**Required action:** When you repeat the entries below, keep each word exactly as it is and drop the pictures.

-- Records supplied follows --

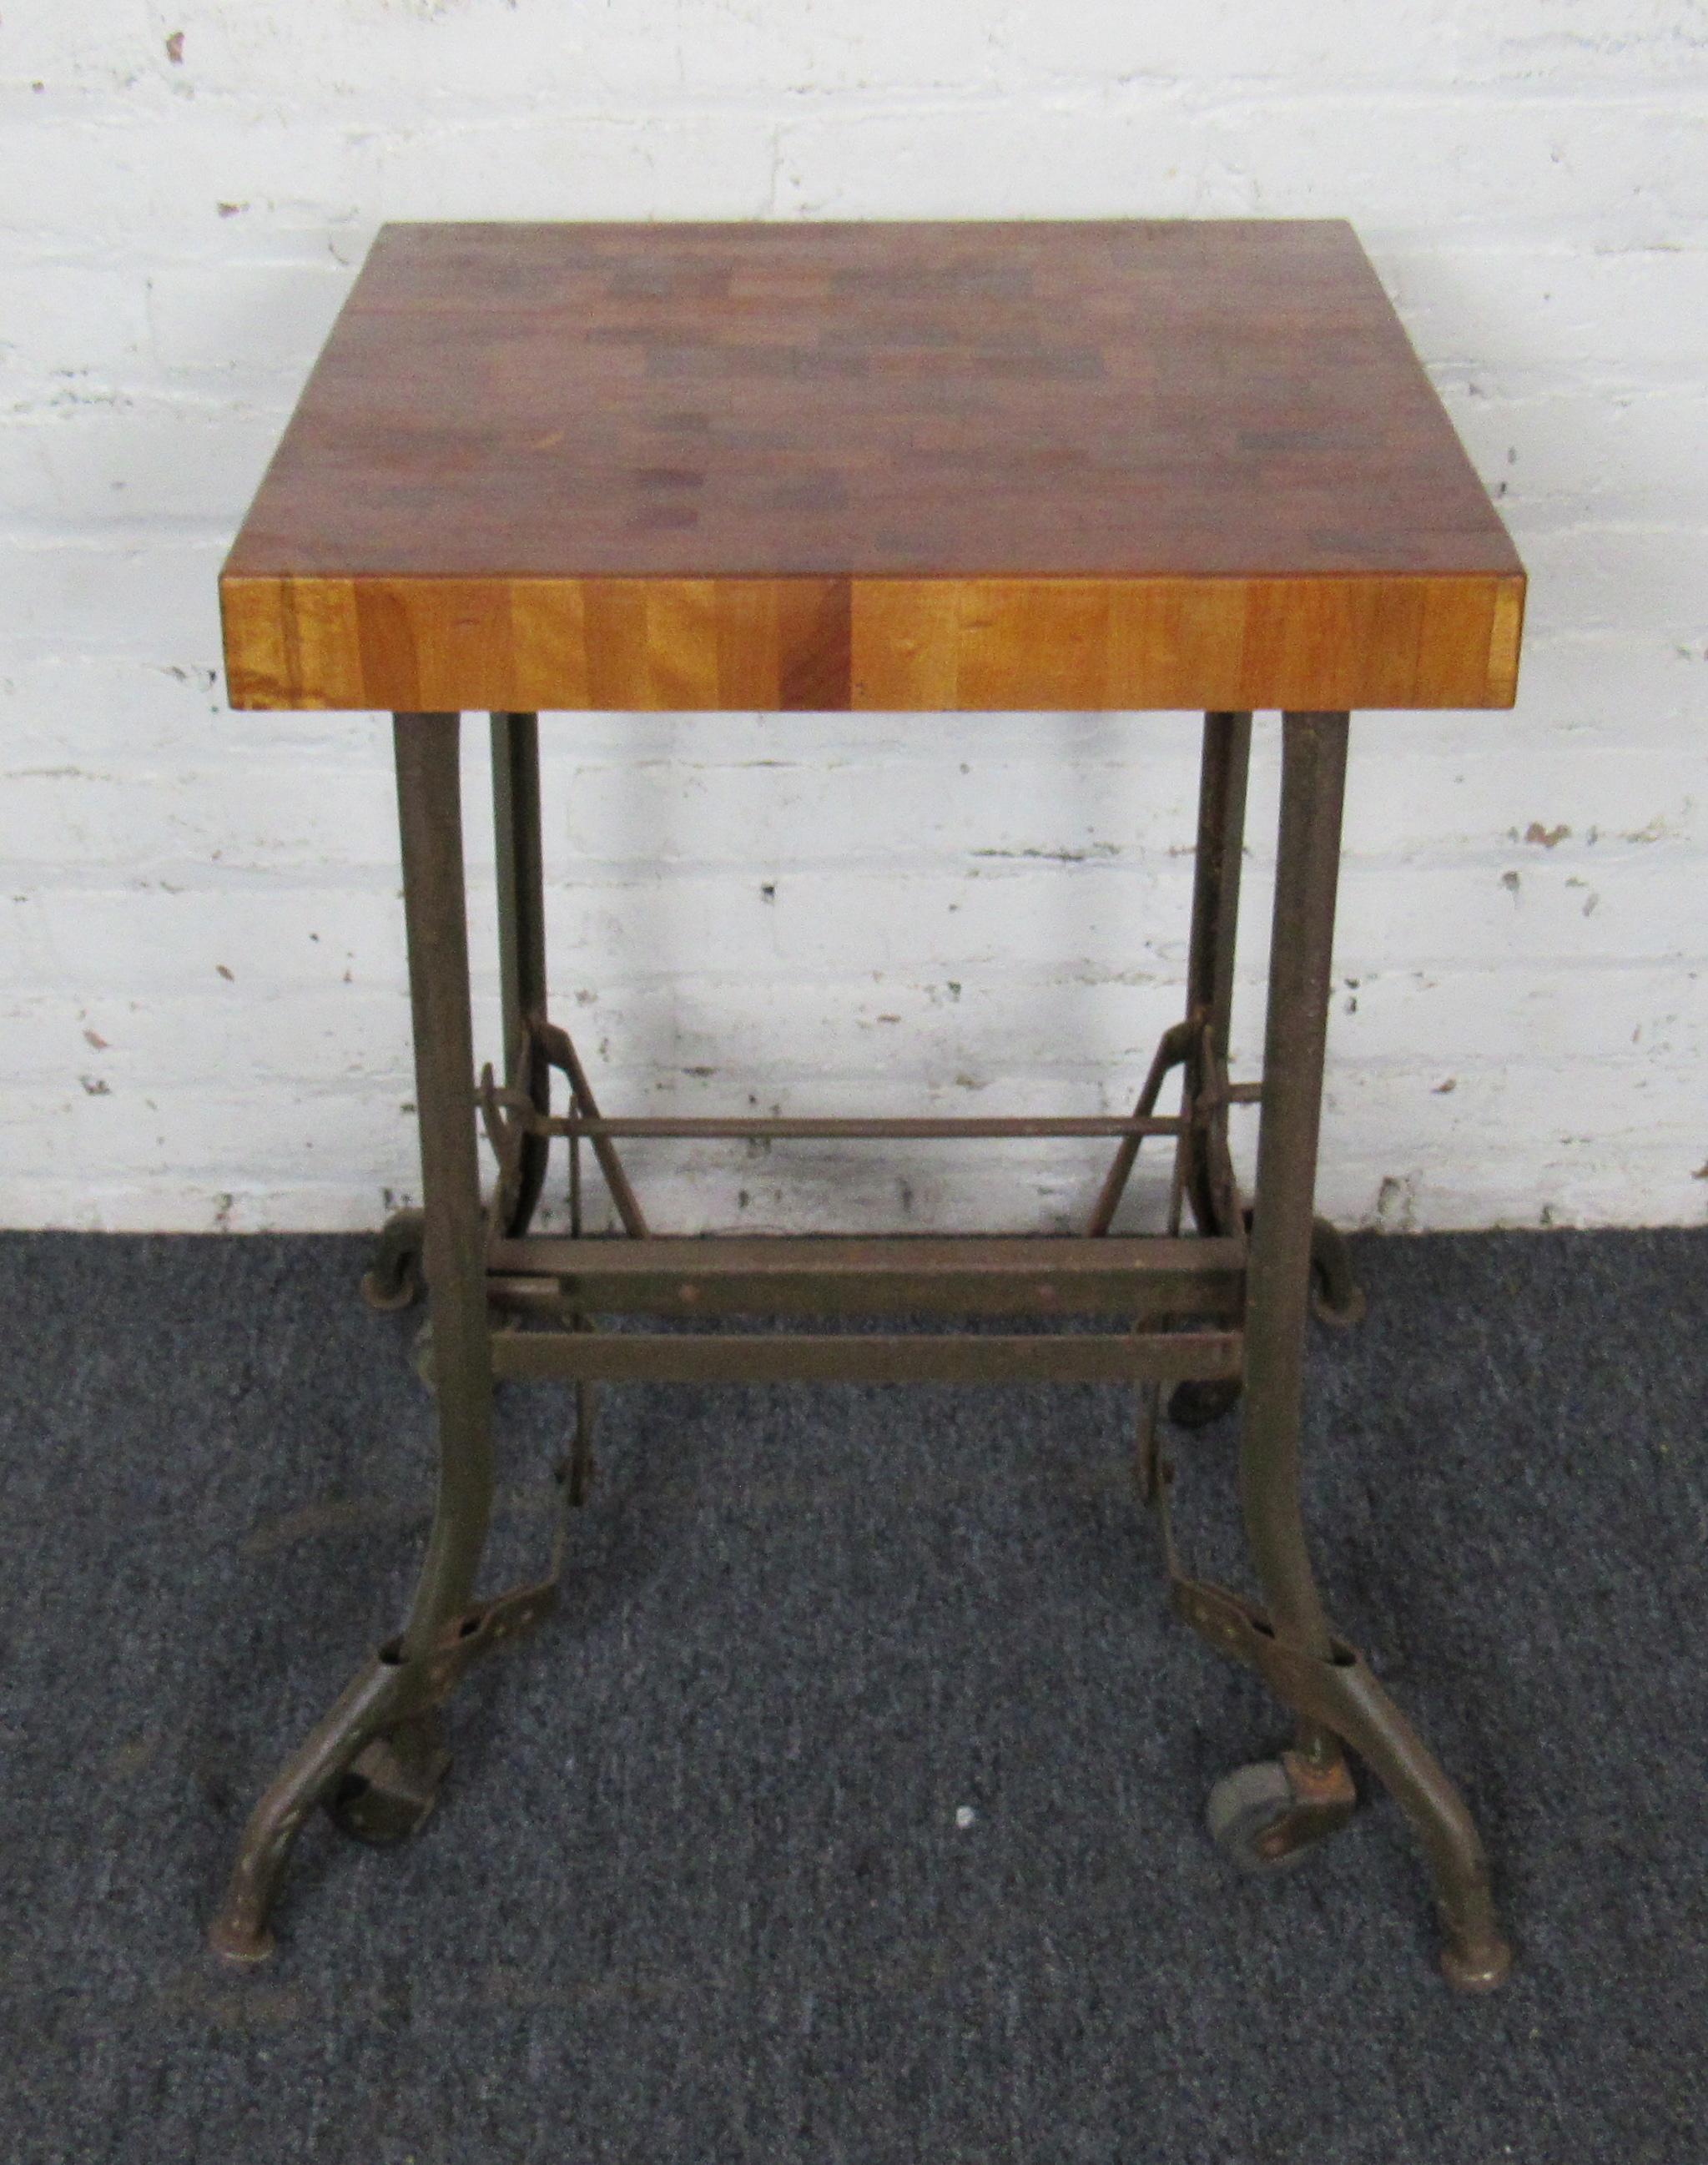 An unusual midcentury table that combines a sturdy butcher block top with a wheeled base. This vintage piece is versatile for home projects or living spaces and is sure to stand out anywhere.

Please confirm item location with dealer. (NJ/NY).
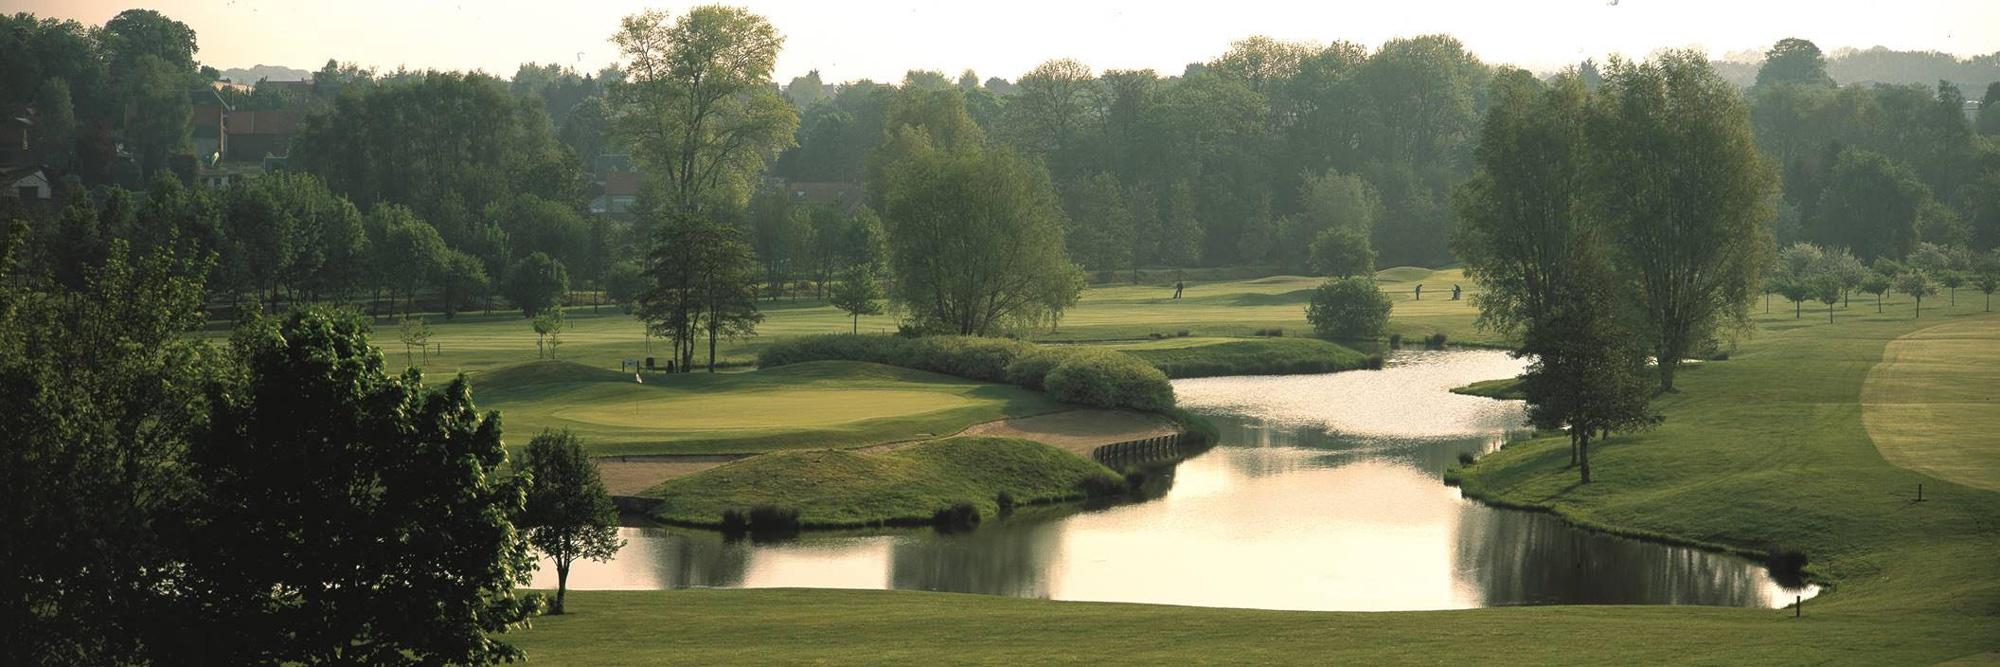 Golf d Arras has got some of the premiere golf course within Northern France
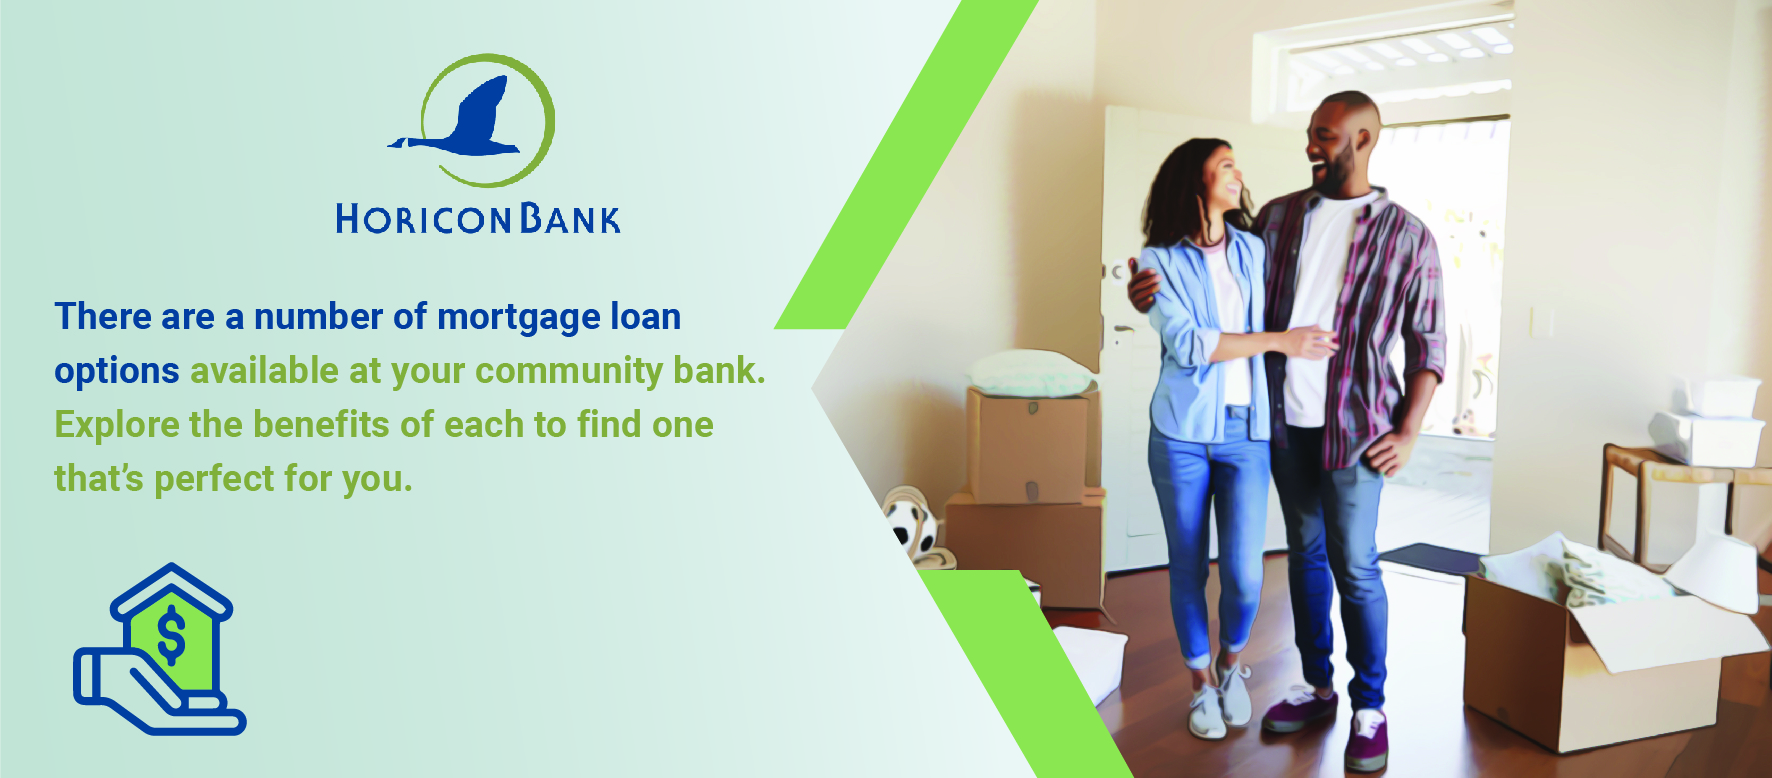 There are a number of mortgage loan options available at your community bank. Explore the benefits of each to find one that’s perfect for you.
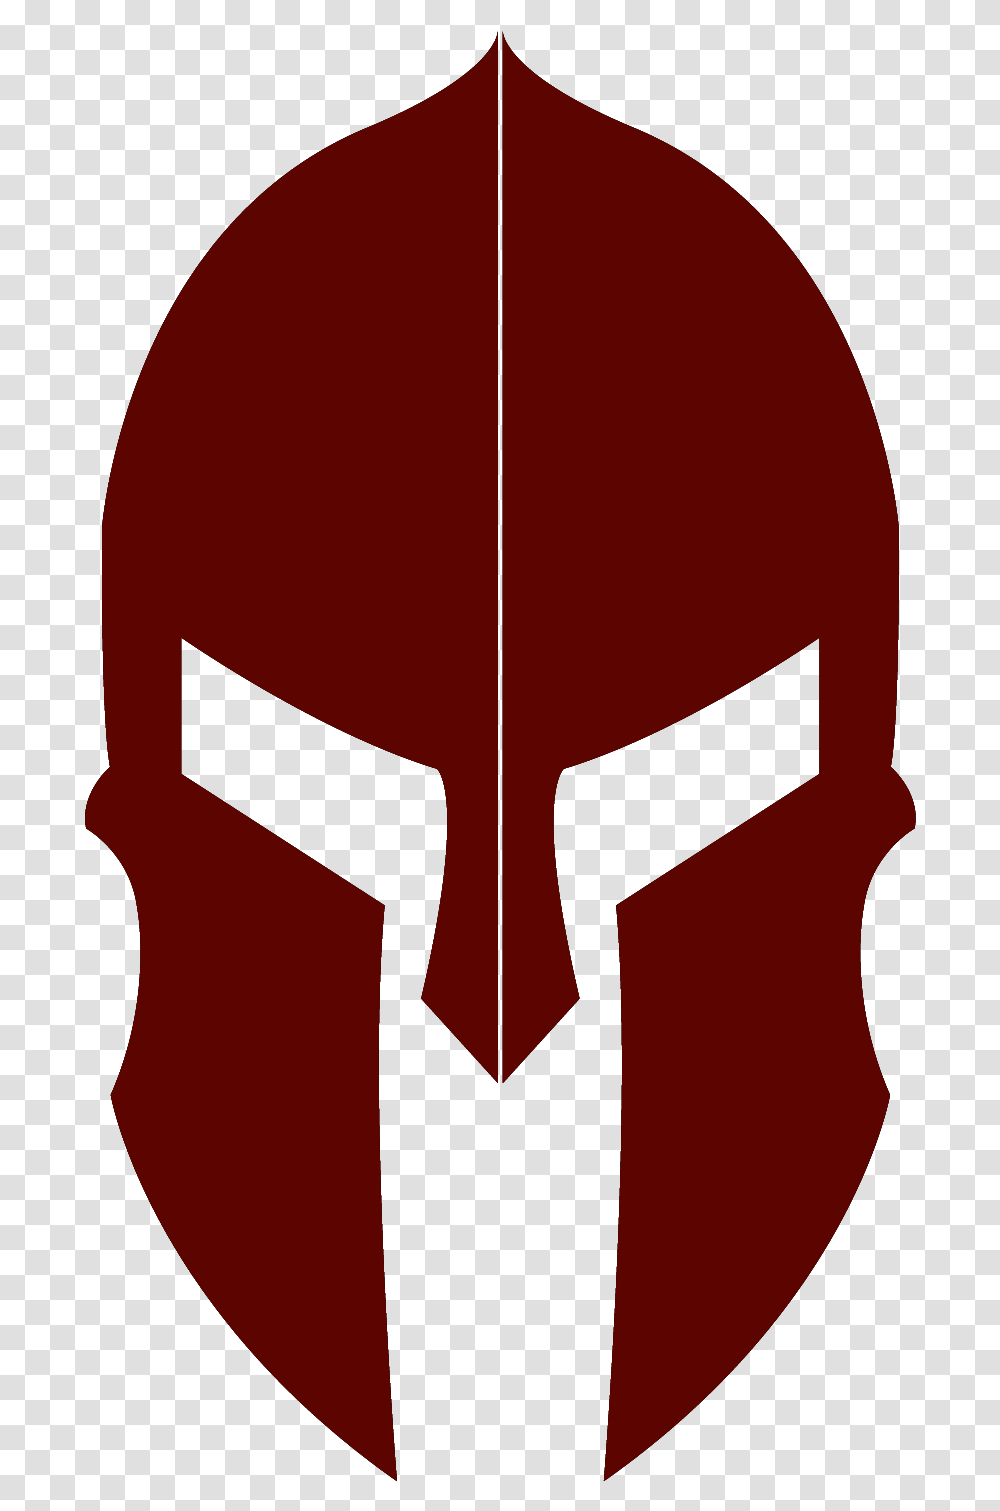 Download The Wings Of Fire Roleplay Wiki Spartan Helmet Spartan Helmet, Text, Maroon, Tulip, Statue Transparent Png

-- Records supplied concluded --

**Output for this exercise:**
 An unusual midcentury table that combines a sturdy butcher block top with a wheeled base. This vintage piece is versatile for home projects or living spaces and is sure to stand out anywhere.

Please confirm item location with dealer. (NJ/NY).
 Golf d Arras has got some of the premiere golf course within Northern France
 There are a number of mortgage loan options available at your community bank. Explore the benefits of each to find one that’s perfect for you.
 Download The Wings Of Fire Roleplay Wiki Spartan Helmet Spartan Helmet, Text, Maroon, Tulip, Statue Transparent Png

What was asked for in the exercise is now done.